TASK BRIEF:
Your reply should reproduce the data below without a single alteration, apart from dropping the images.

(DATASET EXTRACT begins)

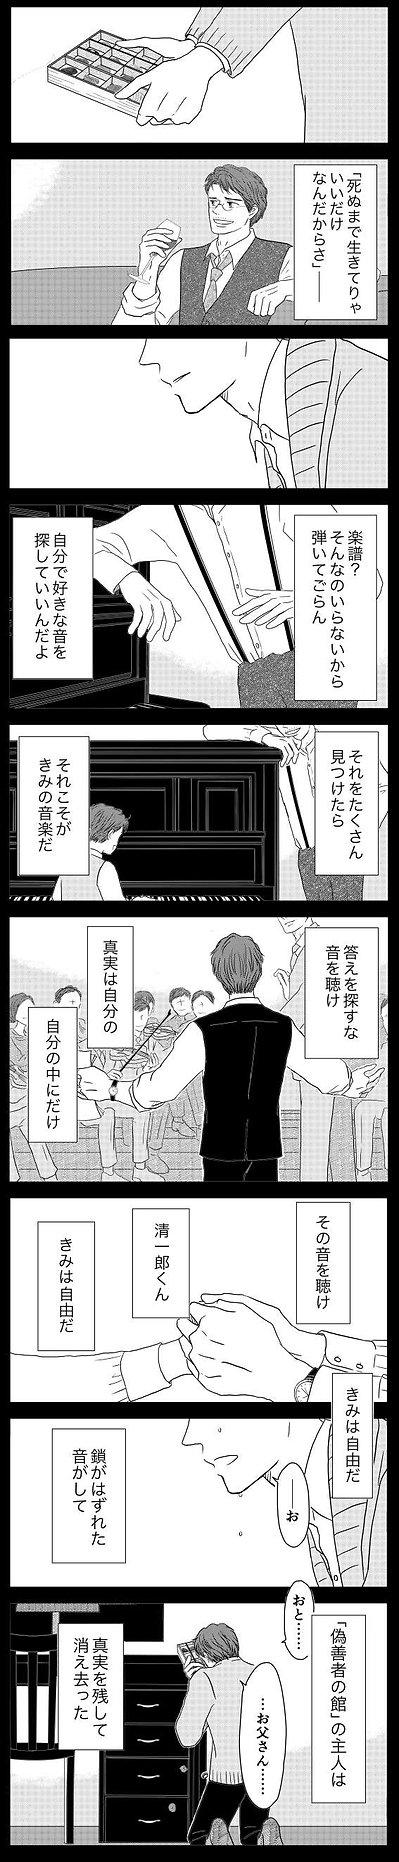 洋輔さん49.jpg
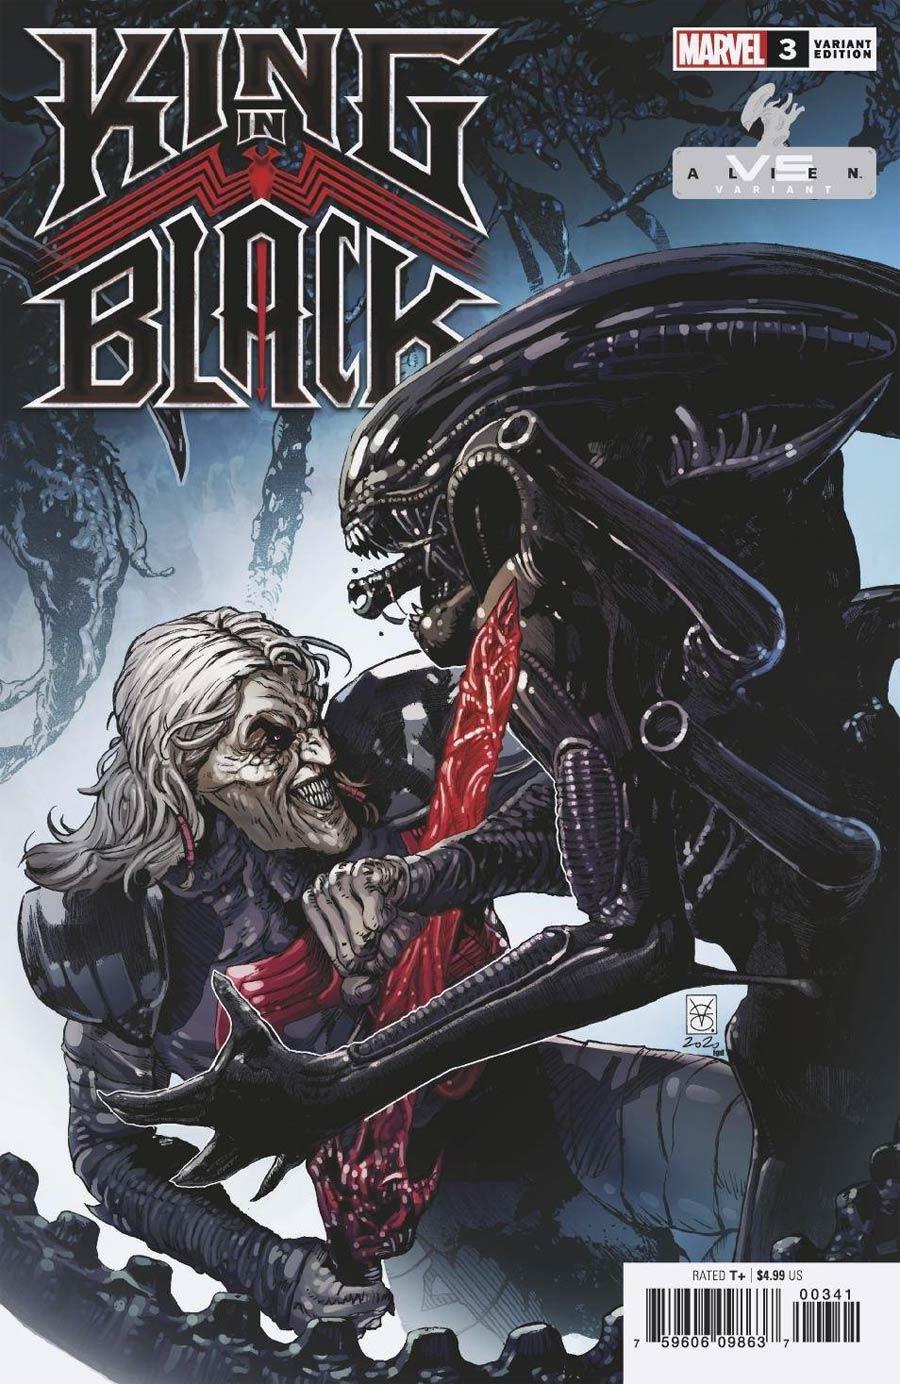 King In Black #3 Cover C Variant Valerio Giangiordano Marvel vs Alien Cover
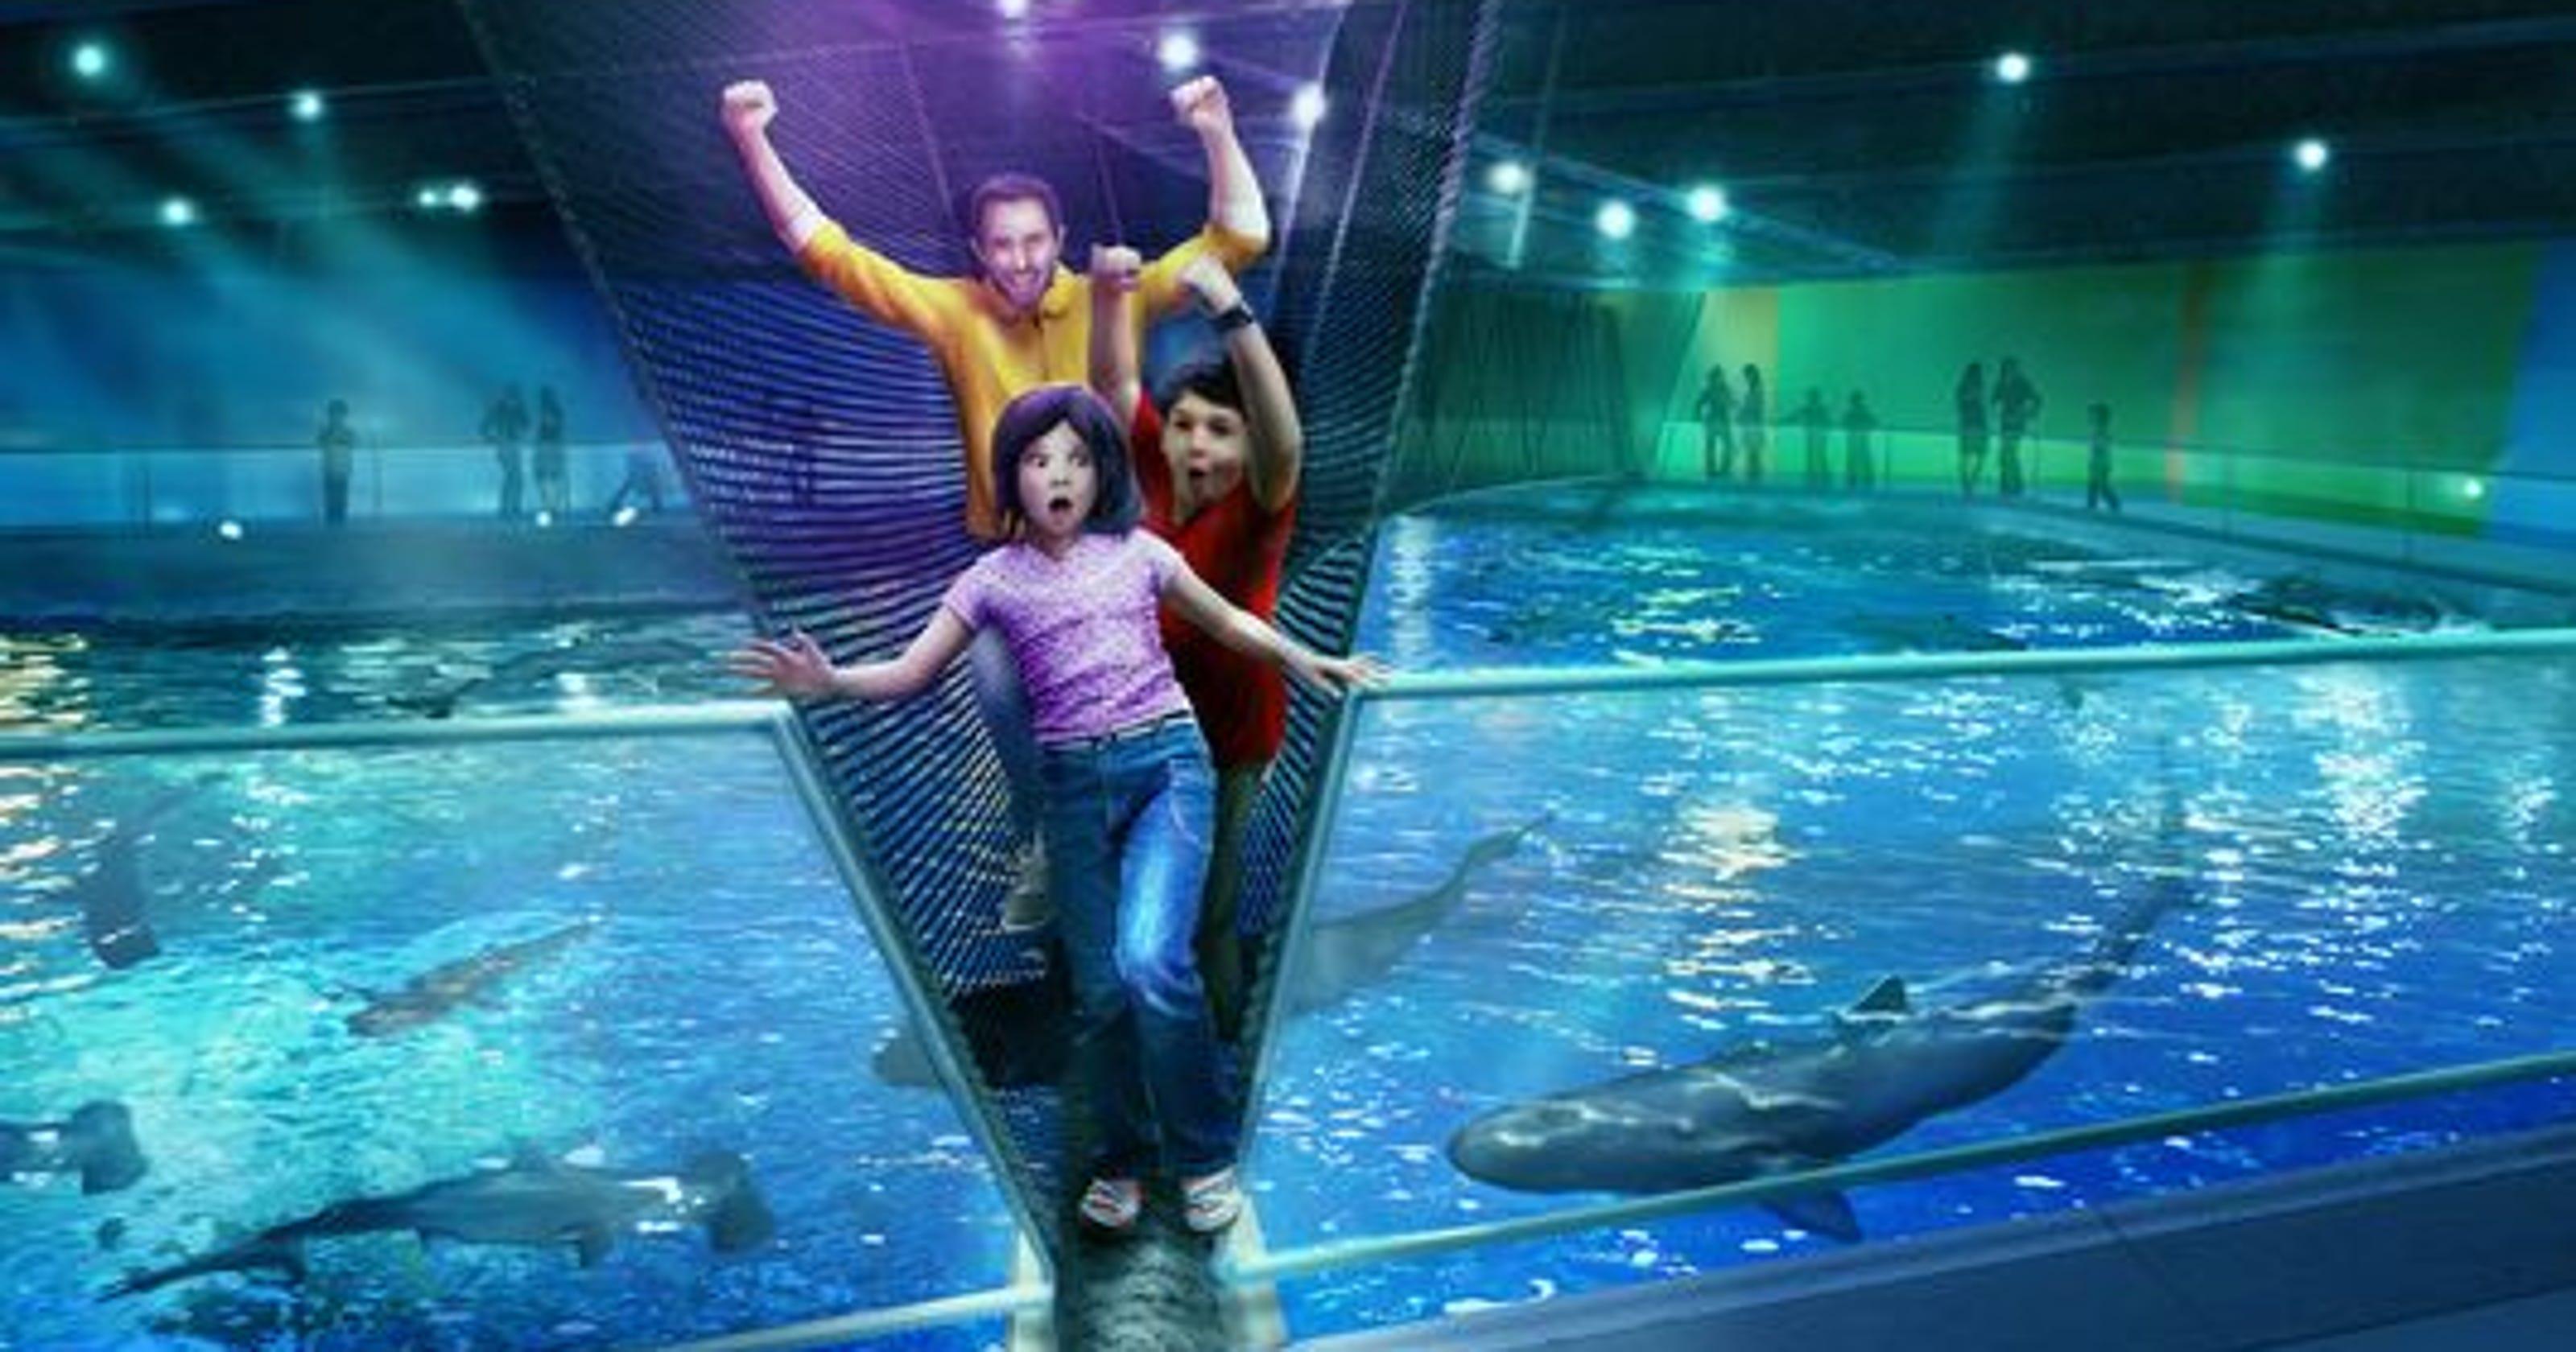 Bridge over shark tank opens at Newport Aquarium

(DATASET EXTRACT ends)

WRITTEN SOLUTION:
 洋輔さん49.jpg
 King In Black #3 Cover C Variant Valerio Giangiordano Marvel vs Alien Cover
 Bridge over shark tank opens at Newport Aquarium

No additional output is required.